We feed mostly “pan fish” like crappies and sunnies. I also will feed small freshwater minnows. On occasion we’ve fed them trout, northern or bass but we like to keep those for ourselves to eat. 

We catch our own fish and freeze them whole. I don’t gut or chop off heads but do check for hooks. I might cut the fins off for young puppies especially but just because there is no real nutritional value to them. 

During lean times (when we haven’t caught much fish) we’ll feed frozen fish we buy from our raw supplier (including whole tilapia) or canned sardines (packed in water only) from the grocery store. 

Like everything else in this diet, variety is key. I try not to feed just one species of fish constantly.


----------



## Sunflowers (Feb 17, 2012)

I actually read that guts and heads are good for them to eat.


----------



## kai.mc.square (Dec 13, 2012)

"Anyways, I've been reading and found that the problem with fish is that many species contain Thiaminase, a substance which breaks apart Vitamin B1 (or was that B11?), which will cause "malnutrition"... a very bad kind of malnutrition."

Not whoring my thread, im just lazy so i cut n paste from: http://www.germanshepherds.com/forum/feeding-our-puppy/196287-feeding-mainly-raw-thawed-fish.html

those fish mentioned have been SPECIFICALLY mentioned to contain confirmed amounts of THIAMINASE. Even WE shouldn't eat them on a regular basis:
- Bream
- Crappie
- Trout
- Some Salmon
- Some Catfish
- Mullet
- Some Sardines
- Some Mackerel
- Capelin
- Some Tuna
- Smelt
- Anchovies
- etc

Well, there's quite a number of them that contain thiaminase. i myself am still trawling the net for more info as of now and learning.

Tilapia contains NO thiaminase, BUT the O6 levels are reported to be bad. I'm starting to look at Greater Amberjacks now.

Cheers!


----------



## kai.mc.square (Dec 13, 2012)

oh btw im feeding my 3 month old a 1/3, 1/3, 1/3 diet of kibbles in the morning, a small whole red tilapia fr lunch (untouched, unscaled, etc), and a chicken drumstick for dinner. all raw and unscaled/ unprocessed/ semi frozen.

poop looks ok.  also, he's a little bundle of energy. nice coat as well. no diarrhoea.


----------



## jae (Jul 17, 2012)

I feed whiting (cod like) from mypetcarnivore.com They get it fresh caught from the Pacific, can't imagine a better source. can someone confirm this is also called pollock?

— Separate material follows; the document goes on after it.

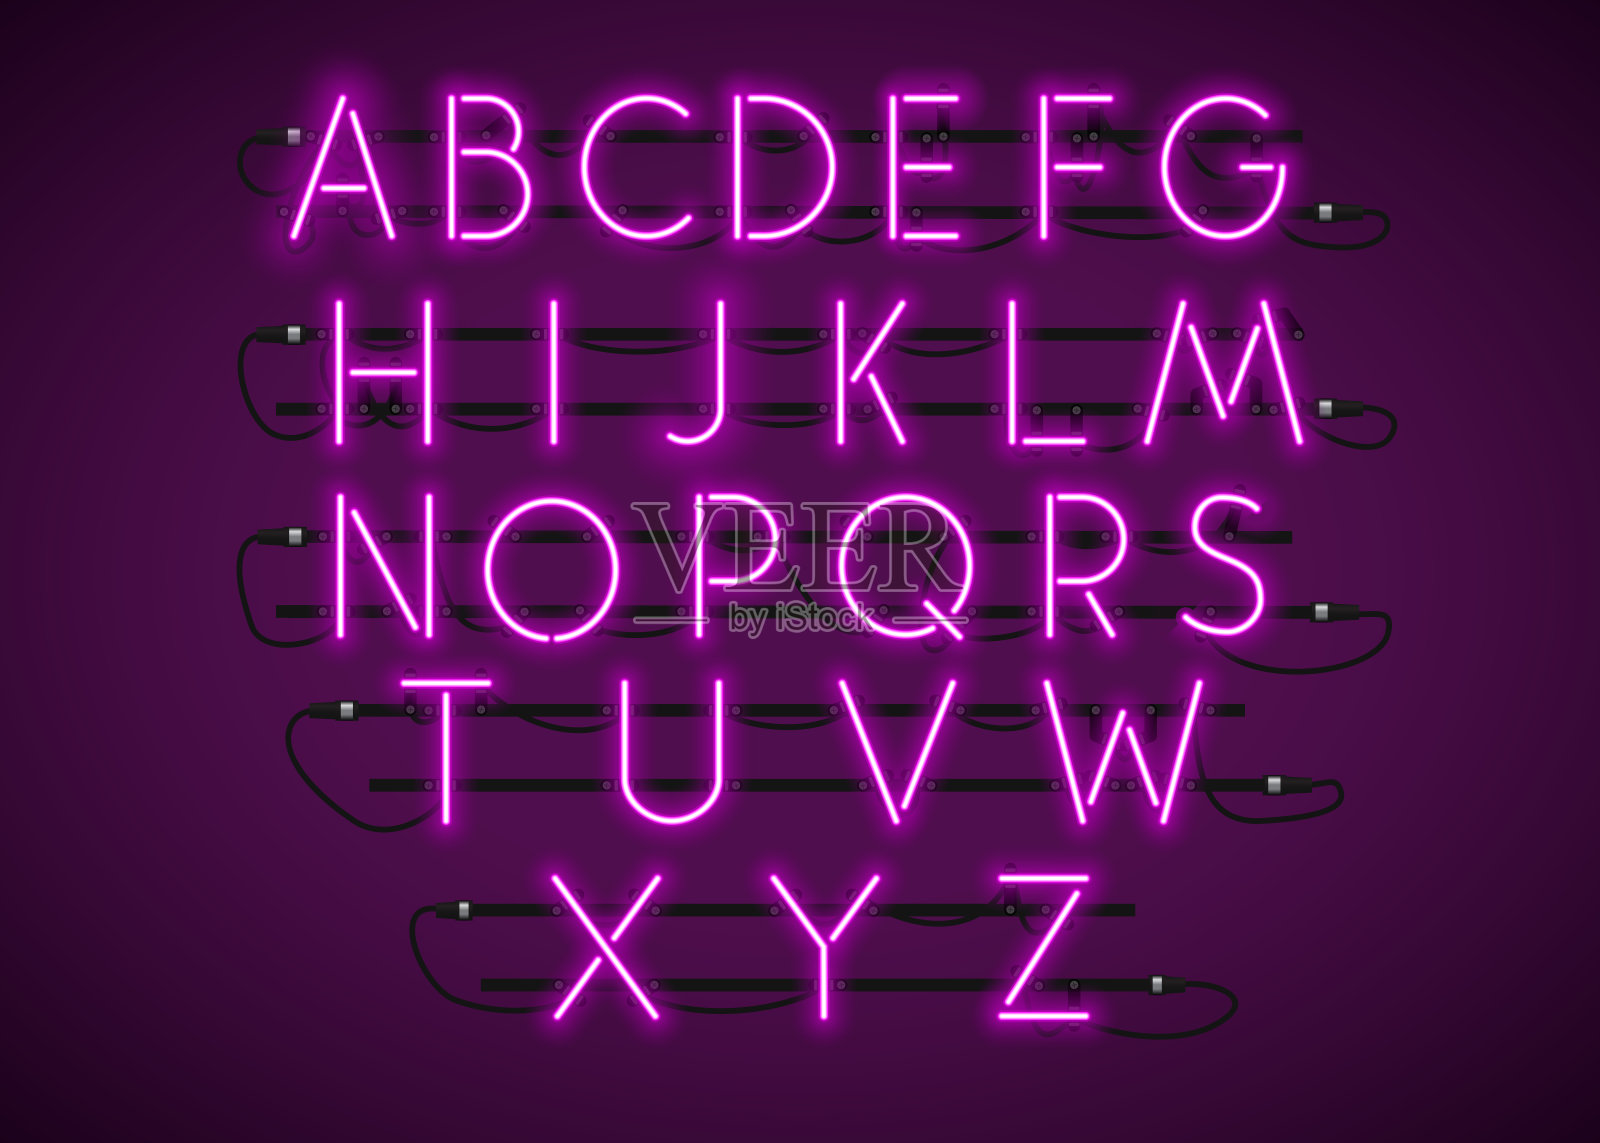 紫色霓虹字体设置在紫色背景上。设计元素图片

5 LB. bag of whole Pacific Whiting. No heads. Eviscerated and frozen. Pacific Whiting is harvested from the cold waters of the North Pacific Ocean. Procured from fishermen & processed in an owner-operaterated HACCP approved plant on the North American west coast. Wild and Sustainability harvested. Product of the US. Flash frozen to assure freshness. All natural, no preservatives or additives.
Whiting is a non-oily fish similar to cod. Super low fat.


----------